The CI log shows which cases regressed and the headline reason for each:

agentprdiff check — suite billing  (3/4 passed, 1 regressed)
┏━━━━━━━━━━━━━━━━━━━━━━━━━━━━━━┳━━━━━━━━━━━━┳━━━━━━━━┳━━━━━━━━━┳━━━━━━━━━━━━━━━━━━━━━━━━━━━━━━━━━━━━━━━┓
┃ Case                          ┃ Result     ┃ Cost Δ ┃ Latency ┃ Notes                                  ┃
┡━━━━━━━━━━━━━━━━━━━━━━━━━━━━━━╇━━━━━━━━━━━━╇━━━━━━━━╇━━━━━━━━━╇━━━━━━━━━━━━━━━━━━━━━━━━━━━━━━━━━━━━━━━┩
│ refund_happy_path             │ REGRESSION │  +$.02 │ +180 ms │ tools: ['lookup_order'] → []           │
│                               │            │        │         │ output changed                         │
│                               │            │        │         │ tool_called('lookup_order') 0/1        │
└───────────────────────────────┴────────────┴────────┴─────────┴────────────────────────────────────────┘

Three signals already visible:

The agent stopped calling lookup_order.
The output changed (unified diff is in the panel below the table).
Cost went up by 2¢ (likely because the prompt got longer when the tool stopped firing).

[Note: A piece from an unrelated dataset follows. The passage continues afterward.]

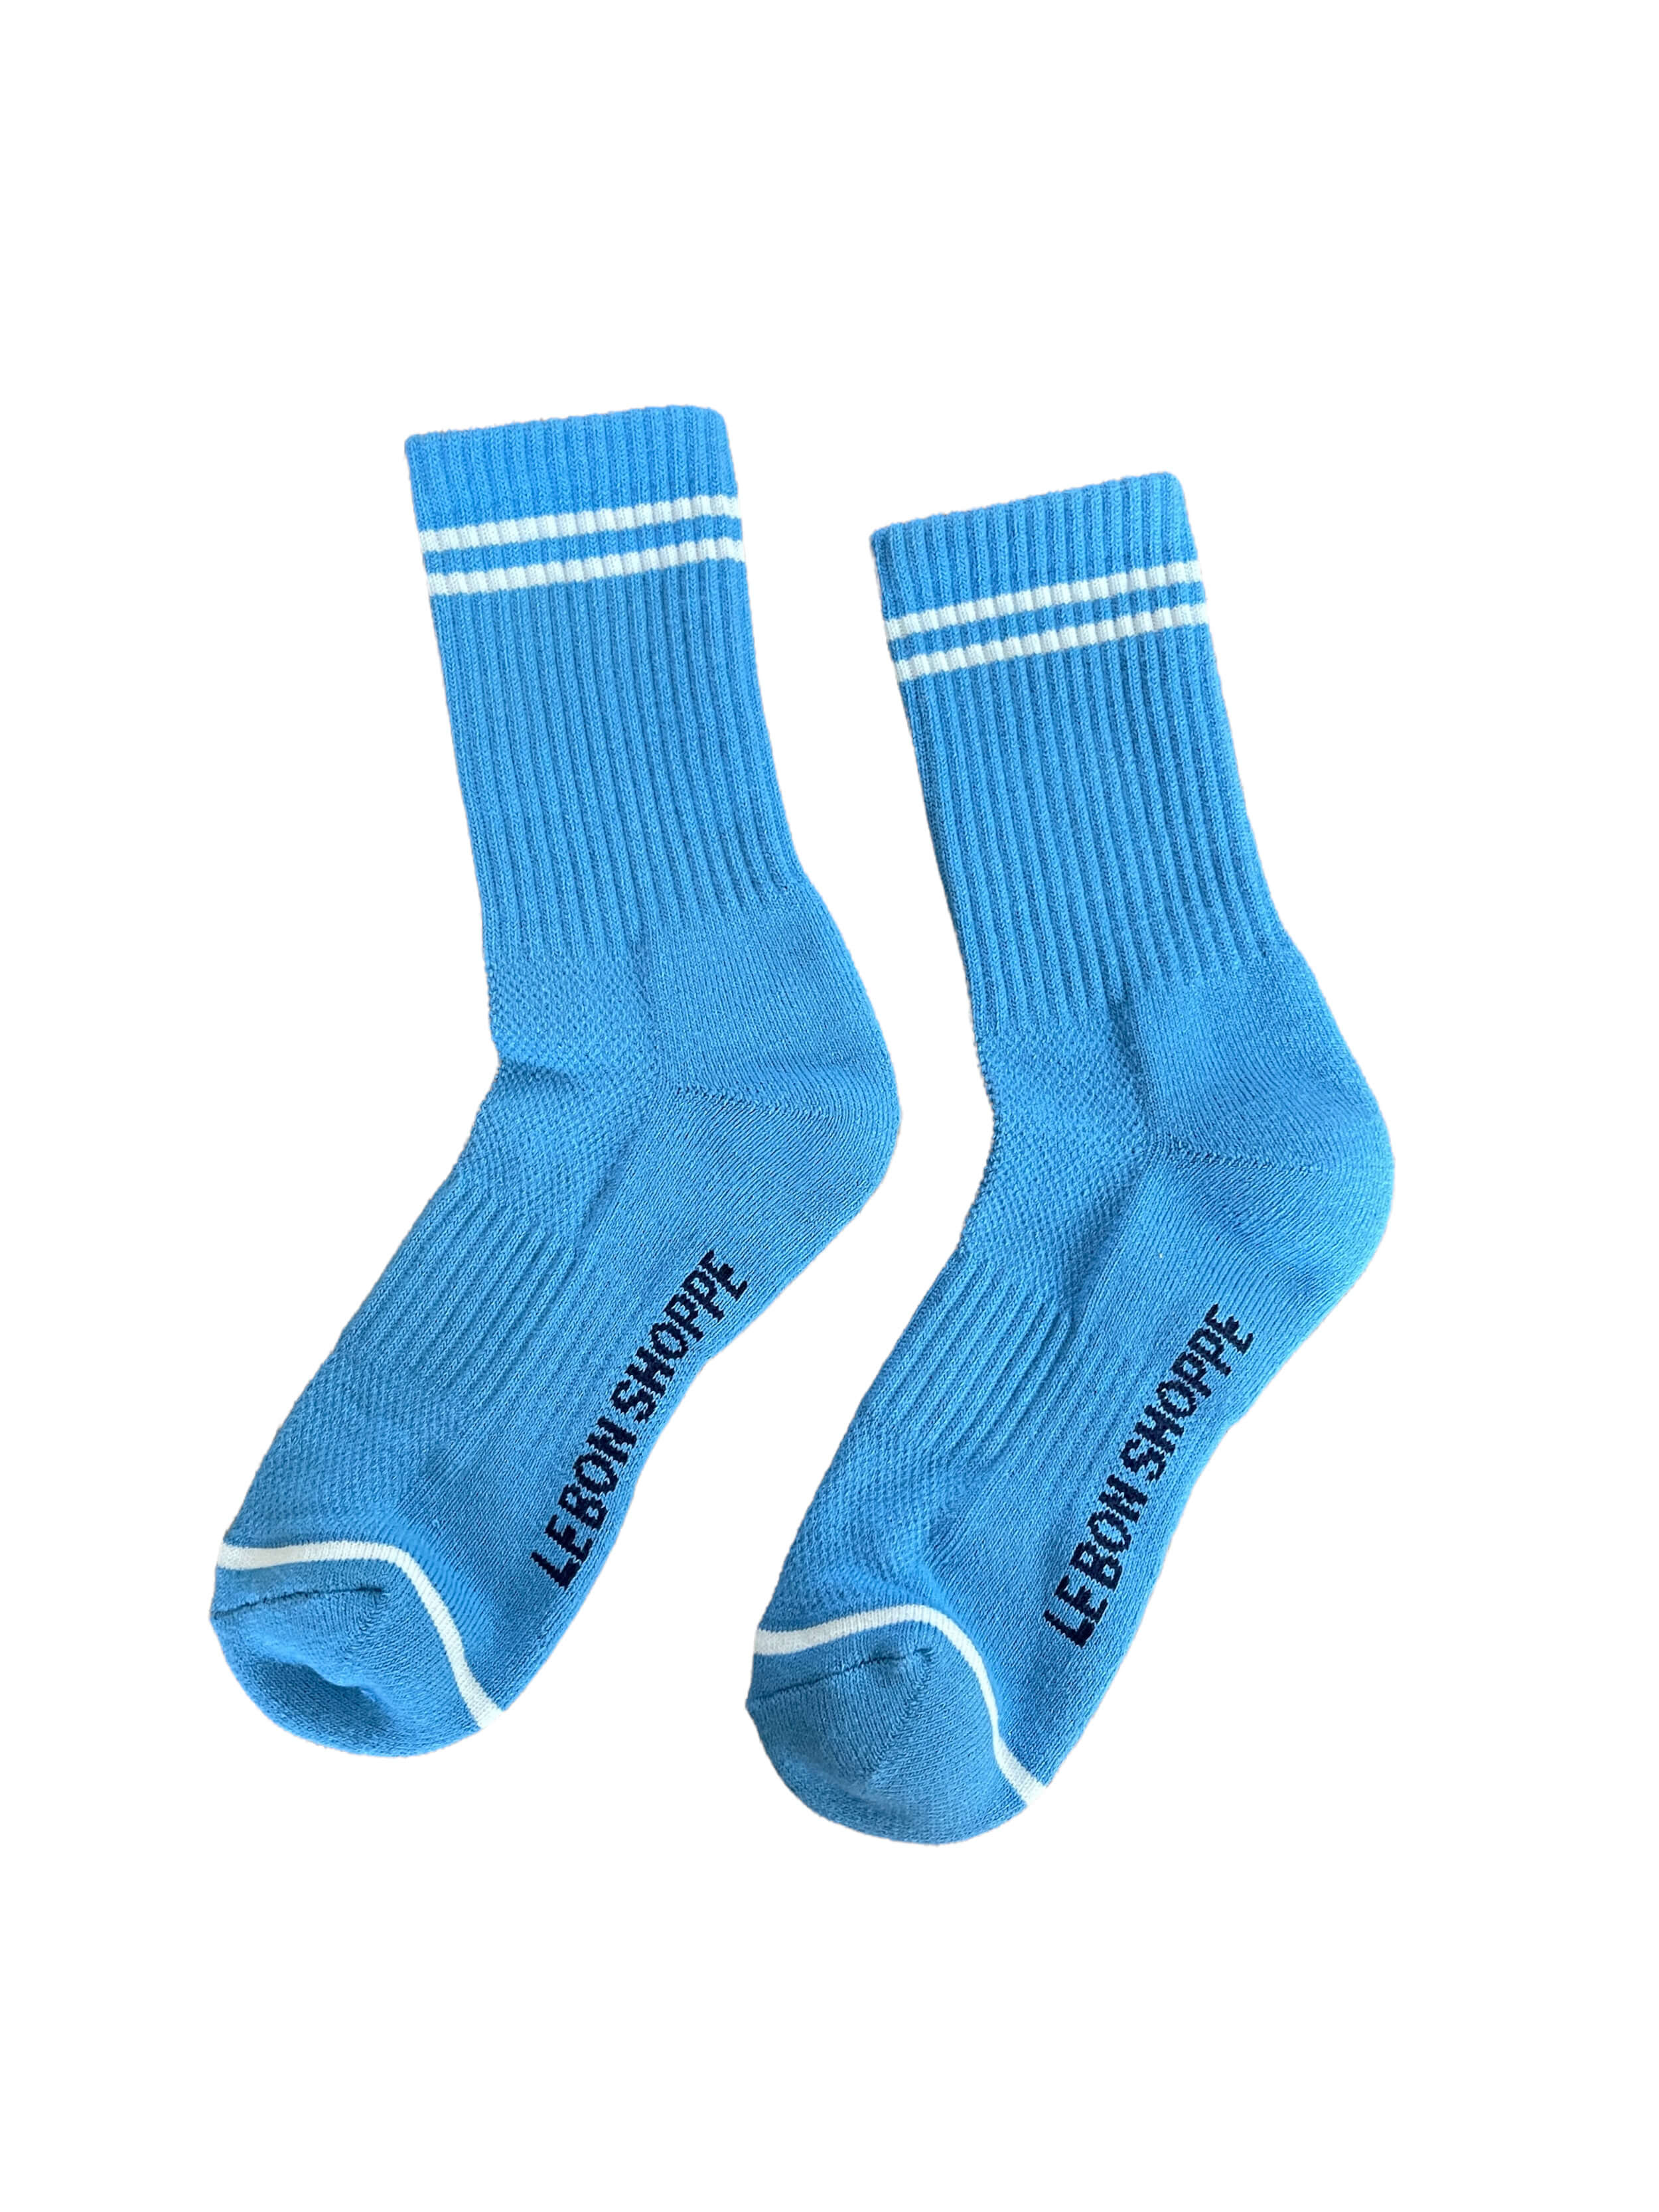 Boyfriend Socks | French Blue | by Le Bon Shoppe - Lifestory

Step 2 — Reproduce locally with `review`¶

agentprdiff review billing/suite.py --case refund_happy_path

review runs the same comparison as check but renders one verbose panel per case — input echo, every assertion's was → now verdict, cost / latency / token deltas, tool-sequence diff, unified output diff — and always exits 0 so you can pipe it into a watcher.

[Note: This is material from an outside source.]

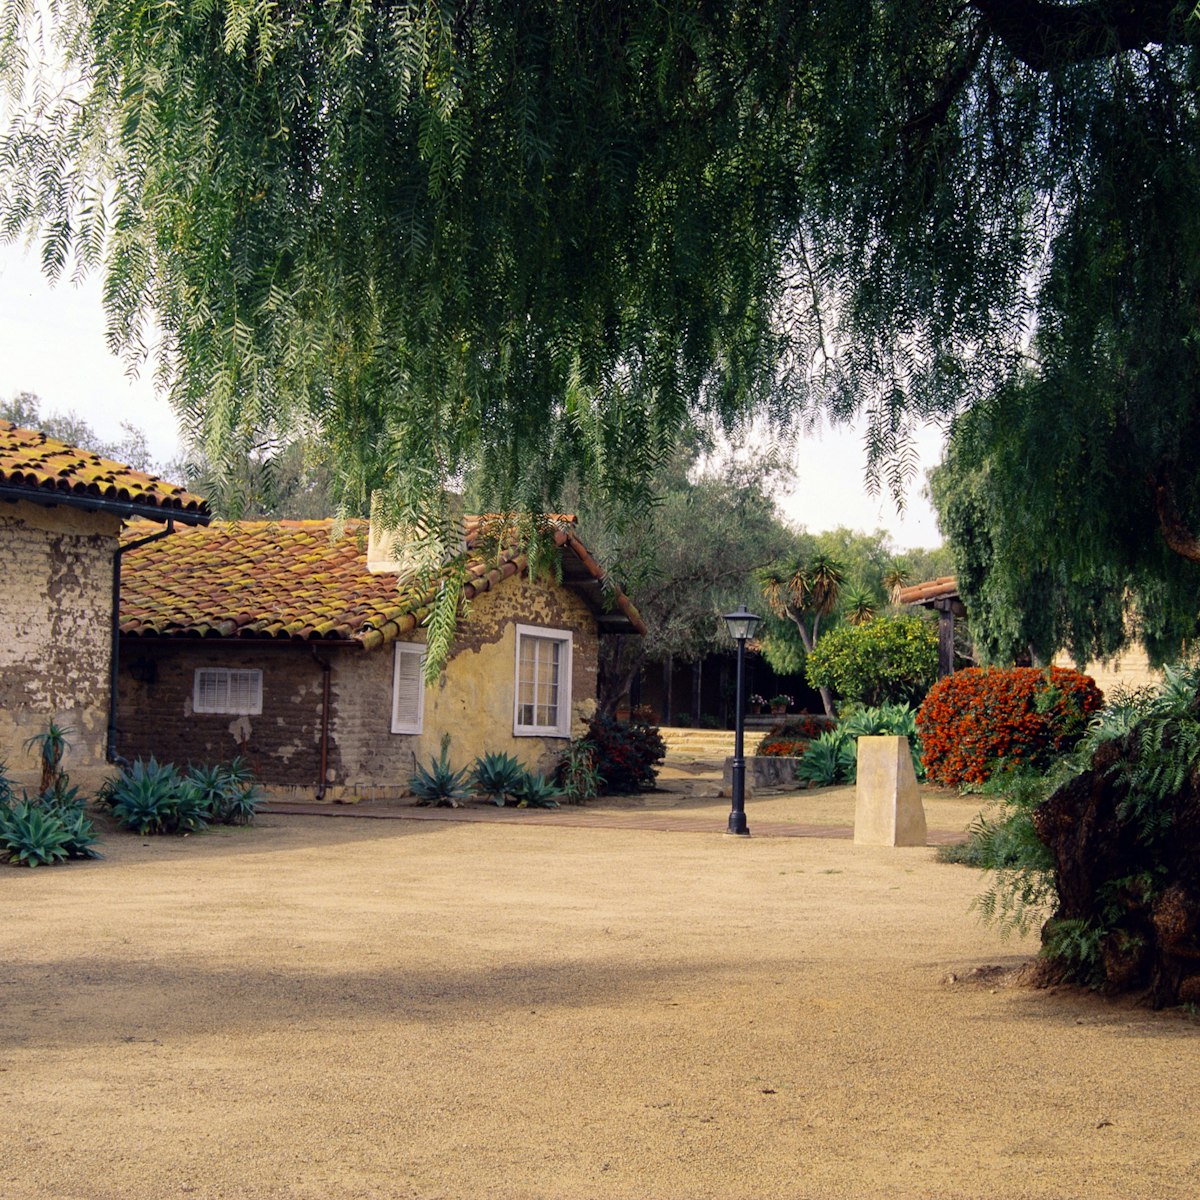 Courtyard of Santa Barbara Historical Society Museum - stock photo

╭ case: refund_happy_path ───────────────────────────────────────────────────╮
│ suite: billing    status: REGRESSION    baseline: present                  │
│                                                                            │
│ input:                                                                     │
│   I want a refund for order #1234                                          │
│                                                                            │
│ assertions:                                                                │
│ was → now grader                                  reason                   │
│  ✓  →  ✗   tool_called('lookup_order', min_times=1) tool 'lookup_order'   │
│            (regression)                            called 0 time(s),       │
│                                                    required >= 1           │
│  ✓  →  ✓   contains('refund')                      output contains 'refund'│
│  ✓  →  ✓   latency_lt_ms(5000.0)                   latency 612.3 ms,       │
│                                                    limit 5000.0 ms         │
│                                                                            │
│ metrics:                                                                   │
│   cost           +0.0203 USD                                               │
│   latency        +180.5 ms                                                 │
│   prompt tokens  +412                                                      │
│                                                                            │
│ tools:                                                                     │
│   baseline: ['lookup_order']                                               │
│   current:  []                                                             │
│                                                                            │
│ output:                                                                    │
│   ╭────────────────────────────────────────────────────────────────────╮  │
│   │ --- baseline                                                       │  │
│   │ +++ current                                                        │  │
│   │ @@ -1 +1 @@                                                        │  │
│   │ -Refund of $89.00 processed; expect it in 3–5 business days.       │  │
│   │ +Could you share your order number so I can look up your order?    │  │
│   ╰────────────────────────────────────────────────────────────────────╯  │
╰────────────────────────────────────────────────────────────────────────────╯

Now you know:

The model stopped extracting 1234 from the user's message.
That made the agent ask for the order number (which is why no tool was called).
The token count and cost jumped because of the longer clarification prompt.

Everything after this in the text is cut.